# Belarus 425 Release Bearing Removal



## Blackbear (Feb 24, 2015)

Hi,

At stated above I have a 1990 Belarus 425 bought new.went to use it other day and clutch wouldn't release.been adjusting it few times over the years when needed to and it was fine the last time I used it.anyway long story short I ended up splitting it apart.after i removed the pressure plate assy one of the little tabs that are inside the bell housing to align the pressure plates fell out(it had broken off) and i could see where it had been rubbing against something.so i knew what caused the clutch to jam.seeing as i already had it apart i ordered a complete new clutch assy with the 2 release bearings(2 stage clutch).i have the books for the tractor and it shows to use a tool to pull the release bearings(which i don't have) so my question is are they on there really really tight?

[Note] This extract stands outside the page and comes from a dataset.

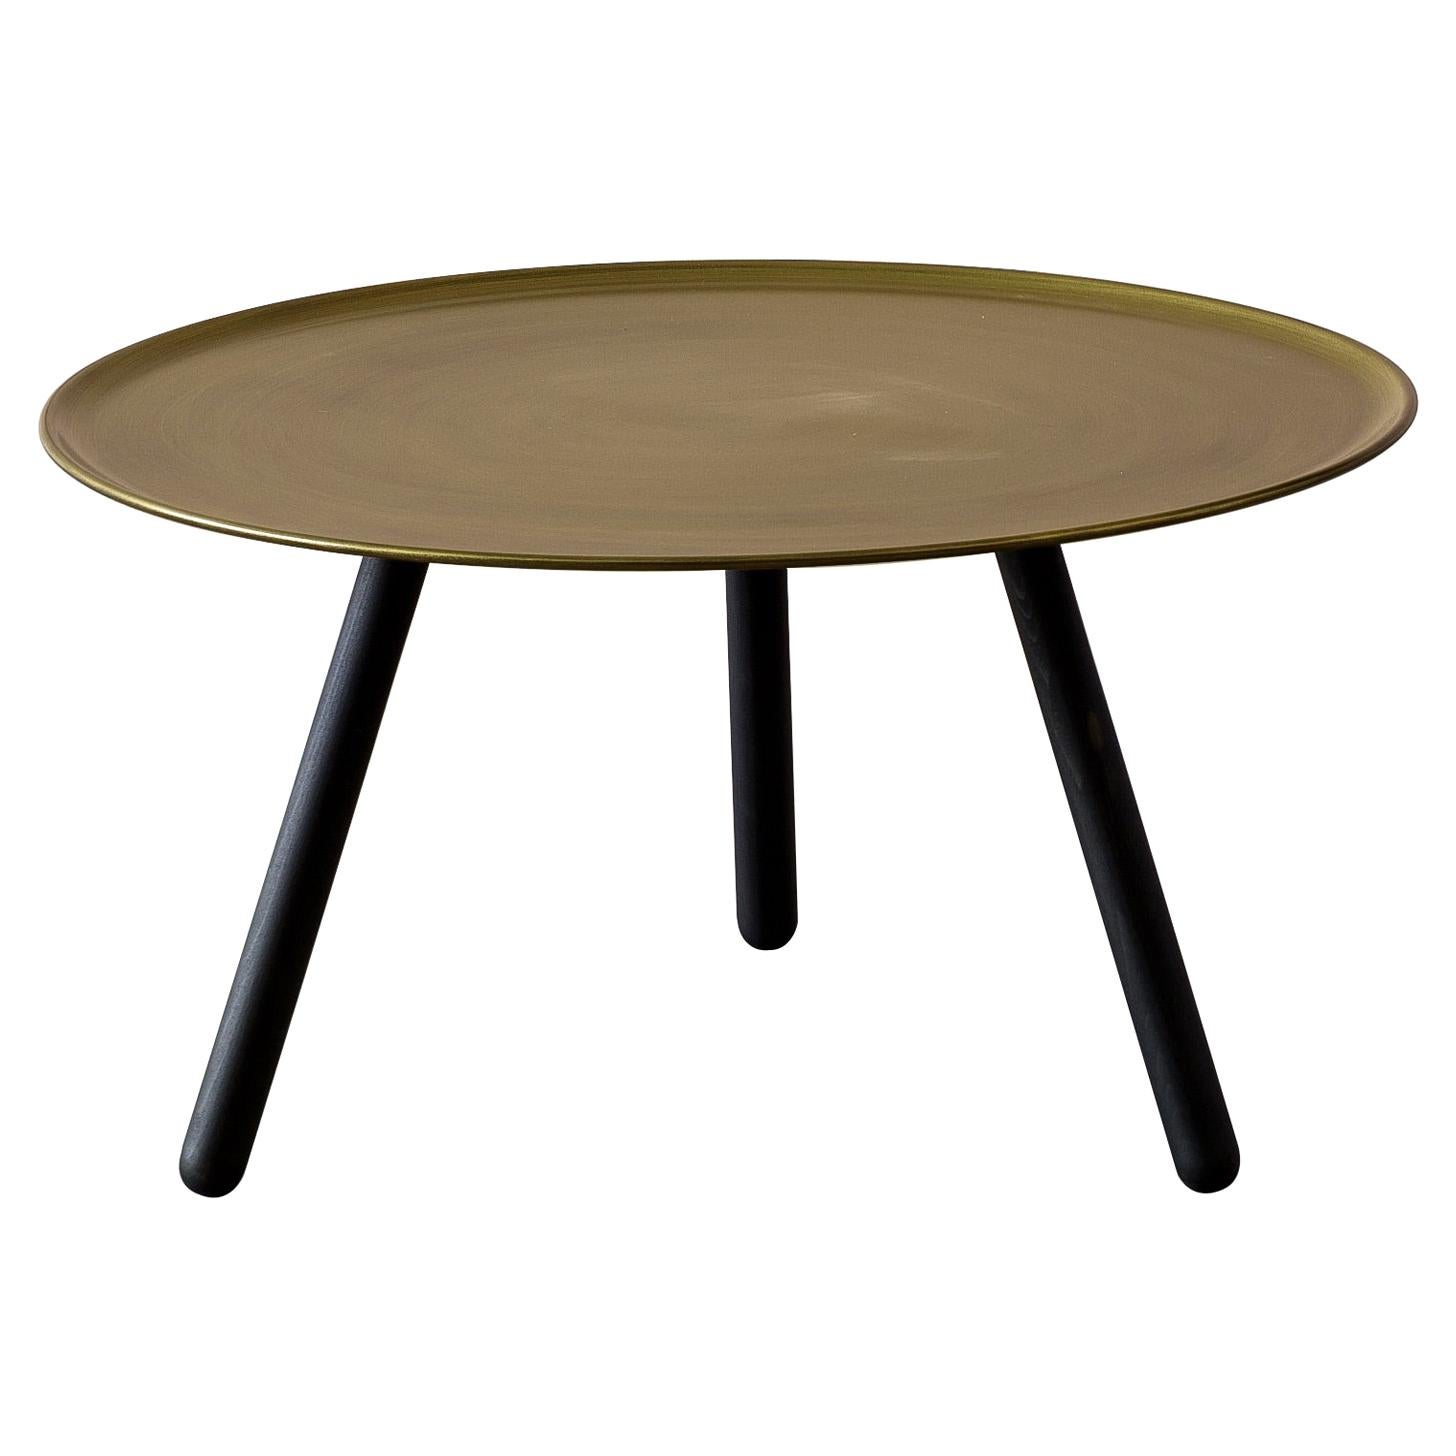 Pinocchio Low Coffee Table in Black Aniline Base, by Giopato & Coombes
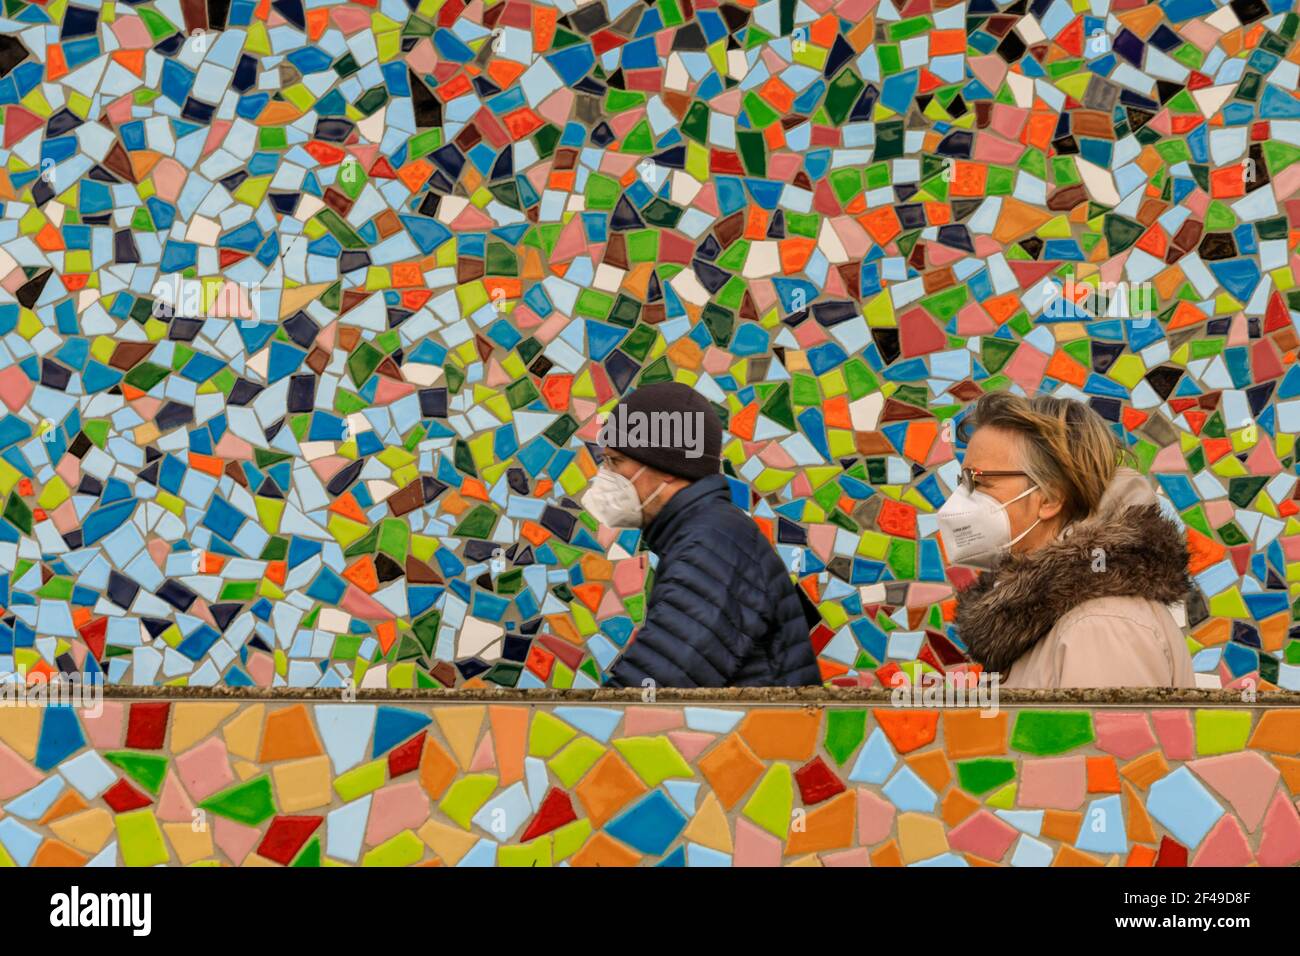 Dusseldorf, NRW, Germany, 19th Mar 2021. Two people in FFP2/KN95 face masks walk past the 'Rivertime' mosaic wall by Hermann-Josef Kuhna on the banks of the river Rhine in Dusseldorf, capital of NRW. Lockdown measures are likely to once again increase in Germany as the 7-day incidence rate creeps up towards the crucial cut-off point of 100/100k inhabitants. Whilst Dusseldorf fares relatively well at 63 today, Germany overall saw numbers rise to 95.6 Stock Photo

I'm thinking of using a good drift to try and pop them off and what about installing new bearings,should i heat them or just tap them on with a drift.waiting for new parts to get here before i tear apart the linkage bell housing to make sure everything is the same.just wondering if i need to hunt down a puller that will work.also what about a alignment tool,theres no place even remotely close where i can borrow one.knowing Belarus i kinda think u can eyeball it maybe.i asked when i ordered the new clutch and they said that one was never made,mechanics made their own from cutoff shafts.

thanks.mike


----------



## Blackbear (Feb 24, 2015)

well I got it all replaced.everything went pretty easy although someone who does clutches on tractors would do it in half the time that it took me.the release bearing I was able to press on/off using a big vise and various big sockets.the only real difficulty I had was mating it back up,the release forks kept catching on the input shafts.after a few tries I adjusted the rear forks all the way out which opened them up and the front forks all the way in.within 10 minutes it was back in place.made a homemade alignment tool from a broom handle that fit tight in the front clutch spline and lathed down the end so it fit into the pilot bearing,for the real clutch I used a big socket the fit the clutch plate that slid over the wooden shaft.musta got it close enough as it slid right in.hope this helps some othe backyard mechanic like myself who has to do this every 20 yrs or so.


----------



## Donsan48 (3 mo ago)

Blackbear said:


> Hi,
> 
> At stated above I have a 1990 Belarus 425 bought new.went to use it other day and clutch wouldn't release.been adjusting it few times over the years when needed to and it was fine the last time I used it.anyway long story short I ended up splitting it apart.after i removed the pressure plate assy one of the little tabs that are inside the bell housing to align the pressure plates fell out(it had broken off) and i could see where it had been rubbing against something.so i knew what caused the clutch to jam.seeing as i already had it apart i ordered a complete new clutch assy with the 2 release bearings(2 stage clutch).i have the books for the tractor and it shows to use a tool to pull the release bearings(which i don't have) so my question is are they on there really really tight? I'm thinking of using a good drift to try and pop them off and what about installing new bearings,should i heat them or just tap them on with a drift.waiting for new parts to get here before i tear apart the linkage bell housing to make sure everything is the same.just wondering if i need to hunt down a puller that will work.also what about a alignment tool,theres no place even remotely close where i can borrow one.knowing Belarus i kinda think u can eyeball it maybe.i asked when i ordered the new clutch and they said that one was never made,mechanics made their own from cutoff shafts.
> 
> thanks.mike


I used a wooden dowel rod. Whittled it down to size, hammer it into the pilot bearing easy. Don't break off. Then do the same with the clutch plate. Worked for me.


----------